'Revenue slump continues' for Aberdeen hotels
Room revenues have continued to plummet for Aberdeen hotels as weak oil prices batter the north east's economy, according to accountants BDO.
A survey found rooms yield in the Granite City last November fell year-on-year by 42.3% to £46.63 on average, while occupancy was down 11.9%.
It was the second successive monthly drop of more than 40% in revenue.
BDO said there was little sign of improvement on the horizon for Aberdeen hoteliers.
Across Scotland as a whole, hotel revenue fell by 9.5% and occupancy was down.

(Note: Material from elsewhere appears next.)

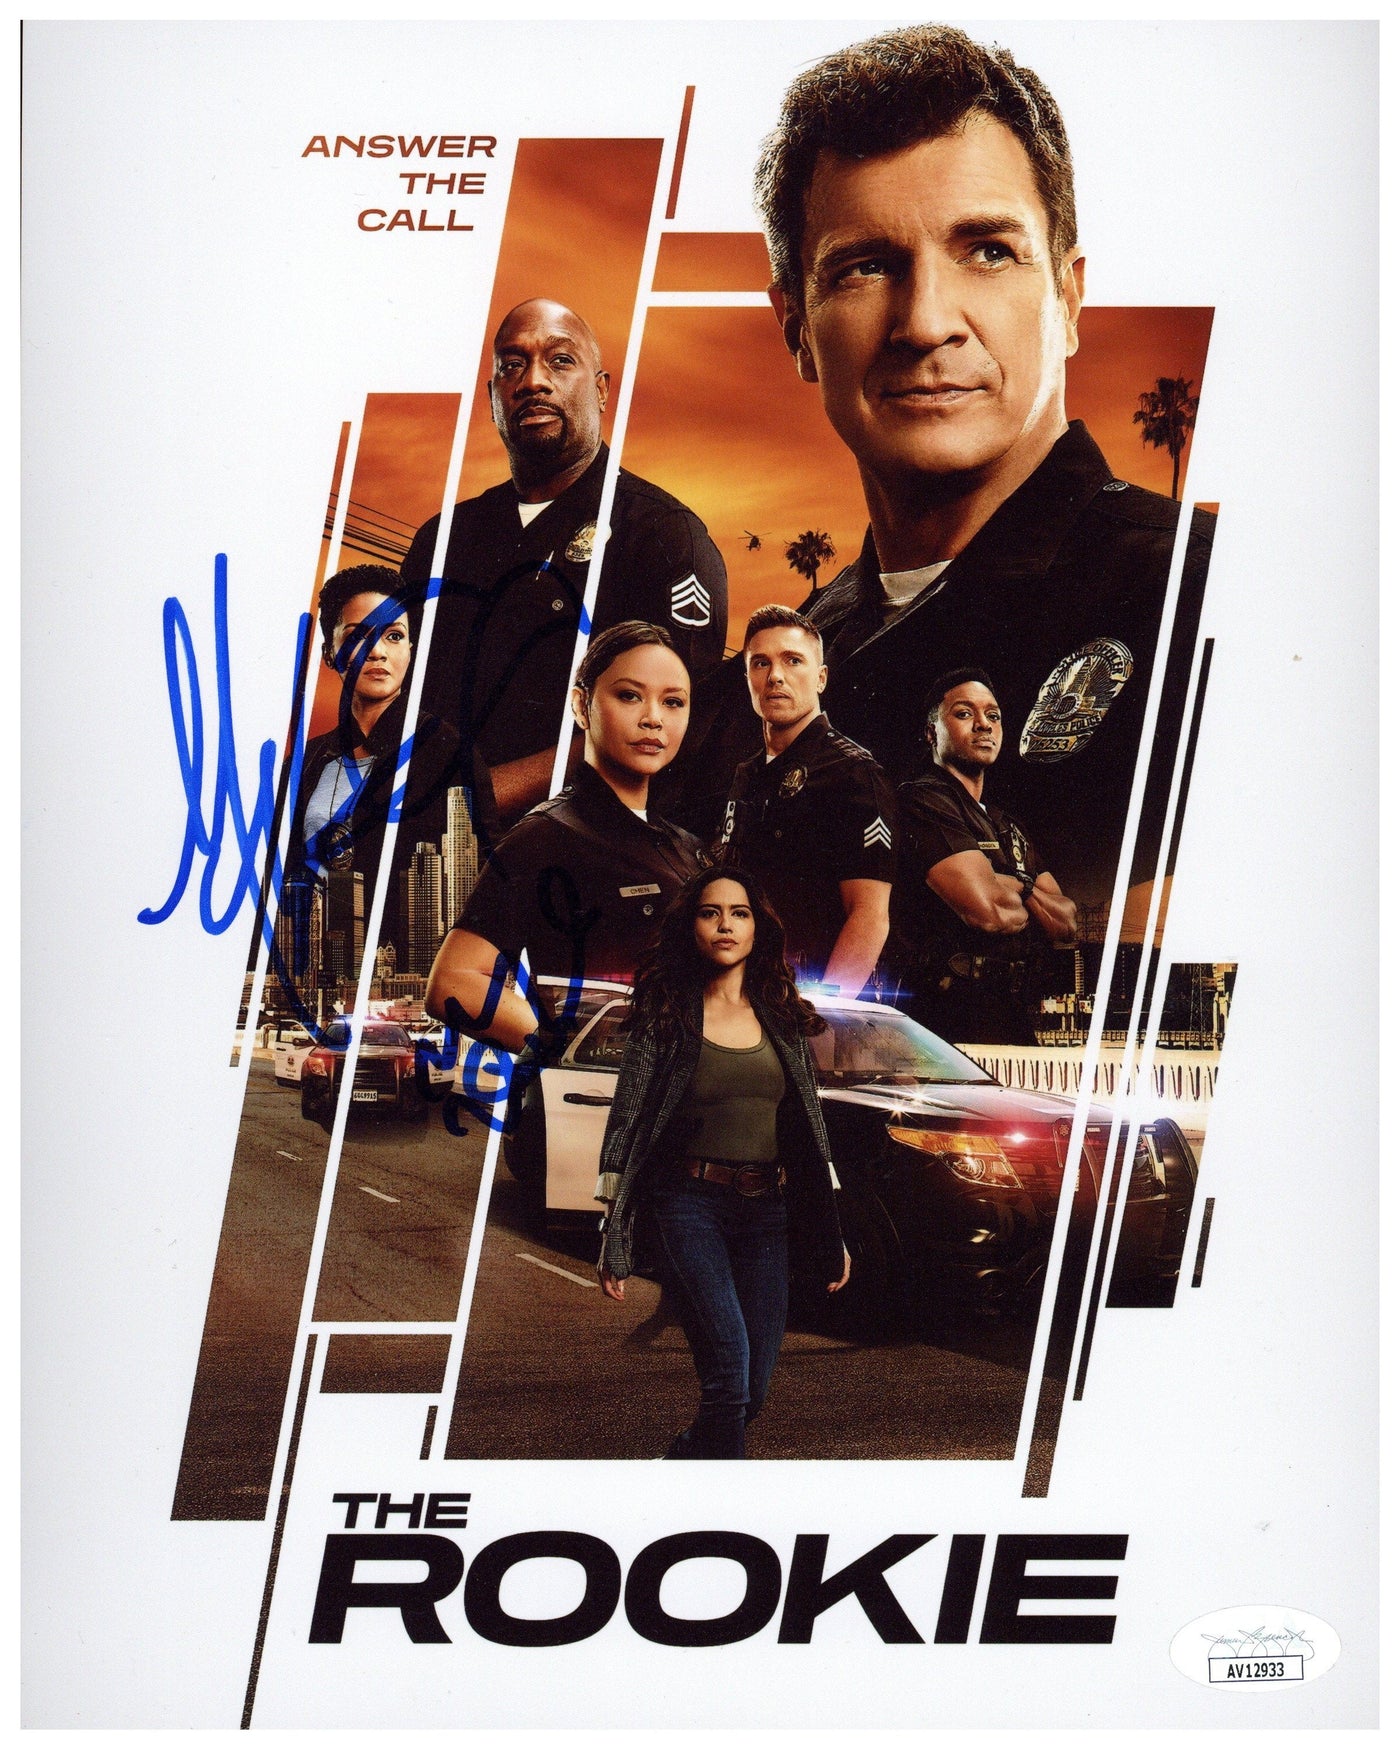 The Rookie Cast Signed 8x10 Photo Mekia Cox & Melissa O'Neil Autographed JSA COA

Inverness saw rooms yield rise by 5.1% while occupancy fell 1.6%. Edinburgh's revenue was up 0.1% but occupancy was down 1.4%.
Glasgow saw slight falls in both revenue and occupancy.
'Strain to continue'
Alastair Rae, from BDO, said: "It is clear that Aberdeen hoteliers continue to be battered by the weak oil price and the consequent difficulties this is producing in the wider north east economy.
"Unfortunately there is little sign that will abate and the strain which the hospitality sector is currently experiencing is going to continue until something positive occurs in the oil and gas sector which appears unlikely in the coming months.
"The large falls in both revenue and occupancy in Aberdeen are also reducing the Scotland-wide figures for both as the other cities had a more positive month."
He added: "There are signs that the hotel sector is experiencing a stable, if unexceptional, year. Occupancy is relatively fixed and revenues are fluctuating slightly but not in a remarkable way.
"I believe that there will be more of the 'steady as she goes' outlook in the hotel market with the obvious exception being Aberdeen."